As Alec Guinness’s Obi-Wan Kenobi once remarked: “There’s been a great disturbance in the force. As if millions of voices suddenly cried out in terror, and were suddenly silenced.”

Well, one iconic voice has certainly been silenced.

Ever since the first Star Wars movie, there’s been a reliable staple – the Wilhelm scream.

It was first introduced by the legendary Star Wars sound designer Ben Burtt in the first movie, A New Hope, as a Stormtrooper is shot from a ledge by Luke Skywalker on the Death Star.

Burtt unearthed the noise from the 1951 movie Distant Drums, in which a soldier is dragged underwater by an alligator.

It was also re-used liberally in the western movie The Charge At Feather River in 1953, uttered by character called Private Wilhelm. Hence the name.

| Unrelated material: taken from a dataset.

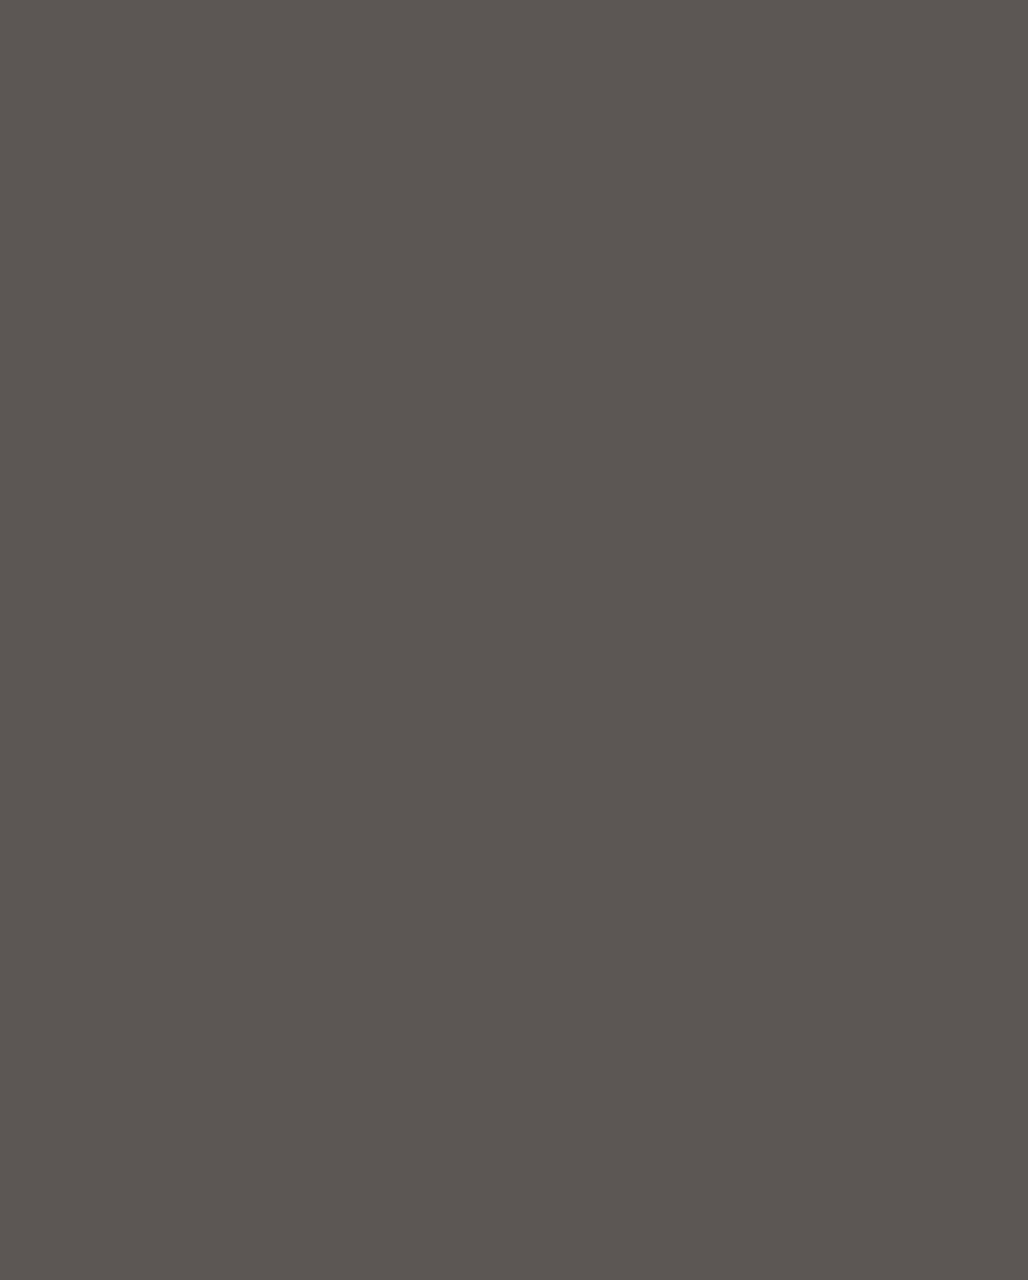 6299 Cobalt Grey (MF PB sample)

It’s instantly recognisable, having then appeared in all the consequent Star Wars movies, as well as the Indiana Jones films, Toy Story, and hundred of others – perhaps as many as 370 films in all, including The Force Awakens, when Finn and Poe take on Stormtroopers in a stolen TIE Fighter.

But sadly, no longer will it feature in Star Wars.

Current Star Wars sound designer Matthew Wood has confirmed that it’s been officially retired, after excluding it from both Rogue One and The Last Jedi.

“In this movie, we decided to move from the Wilhelm scream,” Wood told ABC News.

“We’re letting the past die, as Kylo Ren says. We’ve started another scream that we like. It’s actually been in [The Last Jedi] and Rogue One, and some other films that are not Star Wars-related. But it’s our own little calling card.

“I’ll let it gestate in a few more films before we start talking about what it is.”

Farewell, then, Private Wilhelm. It has been an honour.